Herşey yine panoramik görünüyor.

Bu ülkede renkler kötü. Herşey gri, çoğunlukla silinmiş mürekkep. Bir kez içine kırmızı bir ay koydukları zaman, sakin durmak için, yeterince saflık olmuyor. Bu yüzden hiç olmazsa içki bedava olmalı. Renkleri böylesi bir ülkede hiç olmazsa içkiye para verilmemeli...

...Arada bir resim müzesine gidiyorum. Rubens sefahatlarının et pazarında şimdi midem bulanıyor. Bundan ben de yeterinden fazla var, ama Tizian'a gelmeliyim. Burada öylesine koyulaştırımış bir ihtişam, doygun bir altın tonu, kuvvetli bir kudret sayesinde merhemsel bir huzur ve Shakespeare anıtsallığı. Van Gogh'un dediği gibi, bir yere bir sarı ev yapmalı, buraya düşünceleri olan cüsseli kişileri istif etmeli, bunlar da birbirleriyle nasıl anlaşacakları konusunda başlarının çaresine bakmalılar. Tiyatro gibi böylesine toplumsal bir şey tek tek noktalardan yola çıkarak ele alınmaz, burada bir uzlaşmaya gereksinim vardır.


brecht.

günlerden pazartesi

bu ara durdurma/duraksatma/dur/durağan/don(giyileninden değil/dondurma(yeneninden değil)/donma///stop!
aric-

sondaki ne be? dersen wheeeree is my mind?'ın başına bi daha bakıver yoksa nereye koyduysan ordadır diyeceğim.

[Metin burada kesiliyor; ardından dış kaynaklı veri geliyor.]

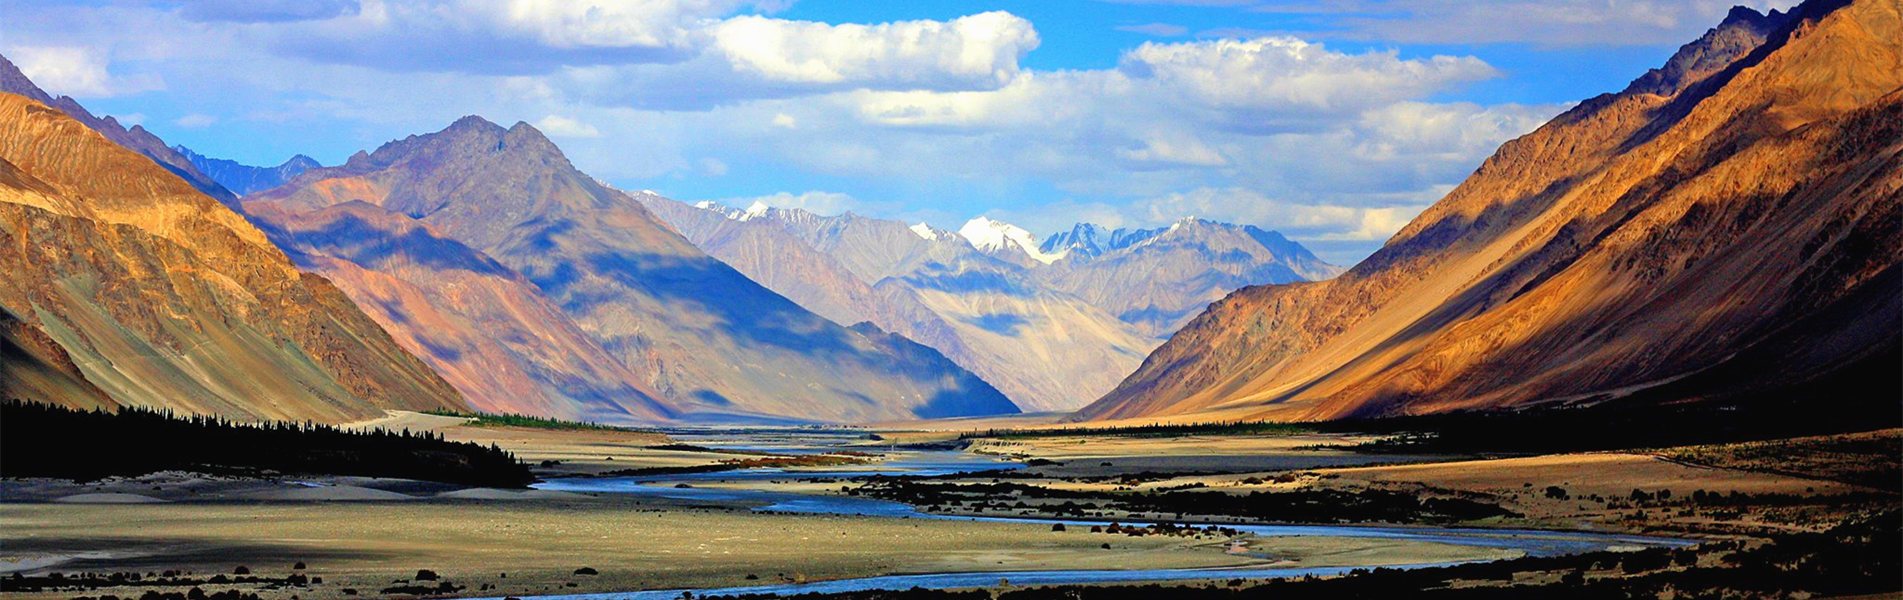 Zanskar River Valley

son zamanlarda sürekli bir şeylerin bir yerde öyle olup kalıvermesinden bahsediyorum. kalıveriyor bir şeyler. sims oynuyomuşumda bir sürü karakterim varmış bazıalrını ihmal etmişim depresyone girip ölmüş gibi. sims öyle bi oyun değildi sanırım. popomundo vardı ama bir zamanlar bilir misin? hıh ondan olmuş işte. popomundo karakterlerim(çoğullar bunlar)den bazıları ilgisizlikten ölmüşler. bazısı alışverişkolik olup ölmüş, bazısını duş yap diyip unutmuşum büzüşüp ölmüş, bazısına yürü demişim hiç durmadan yürümüş, yorulmamış da dünyadan düşmüş. bence galileo bok yiyebilir dünya öküzün boynuzunda bir tepsi.
sonuç olarak neyseki tek bi karaktere tutunmuşum onunla ilgilenmişim de hayatta kalabiliyorum. hala oynuyorum. oyundan sıkıldığım kadar karakterlerinde ölmesine o kadar üzülüyorum esasen. tam bir kısır döngü.
yazıya başladığımda 6'ya 4 vardı. mesai bitimine 4 dakika. şuan 18:04. mesaim esasen bitti. ama gerizekalı olduğumdan çıkamıyorum. ben de zengin kalkışı yapma aşkı var ki seni beni egede kıyıya paralel ne kadar dağ varsa dele dele bodruma götürür. ofisteki bi çok kişi 7 de çıkıyor. o sebeplen onları bırakıp gidince arkamdan ağlıcaklarmış gibi mi hissediyorum nedir. çıkamıyorum.

boğazım ağrıyor.

bu ara en çok yakınılanlar listesine plazada çalışmak 1. sıradan girdi.
cam açamıyoruz. klima bütün gün. klima beni çarpar. kapalı alanda duramıyorum. temiz hava serzenişleriyle kriz geçiriyorum içimden. ama içimden.
çok fazla içimden konuşunca dışımdan konuşamıyorum.
çünkü sizlerle içimden konuştuğum kadar hızlı konuşamıyorum.
geçen utku başlarda anlamıyordum da zamanla anlamaya başladım dedi. düşündüm hakikaten çok mu hızlı konuşuyorum diye sonra yok yea ipek benden hızlı konuşuyor diyip işin içinden çıkıverdim.

başım ağrıyor.

ikinci sırada ise bütün gün bilgisayar başında oturmak var.
"evde olsan napacağdım" diyene ise pardon sürekli aynı havanın dolandığı suni yollardan temizlenen bi odada bütün gün bilgisayara bakmak cinnet sebebi derim. gözlerimi belerte belerte bakarım hiç de bi şey diyemezsin! ayrıca evde kitap neyinde bakıyorum. burdada kitap bakıyorsun dicek kadar özelime girmiş beni 24 saat dikizleyen sapığa ise "eşşek kadar borçlar kitabıyla günlerin köpüğü bir mi?" diye sorarım "benim oyumla dağdaki çocanın oyu bir mi?" diye soran aysun kayacı ifadesiyle.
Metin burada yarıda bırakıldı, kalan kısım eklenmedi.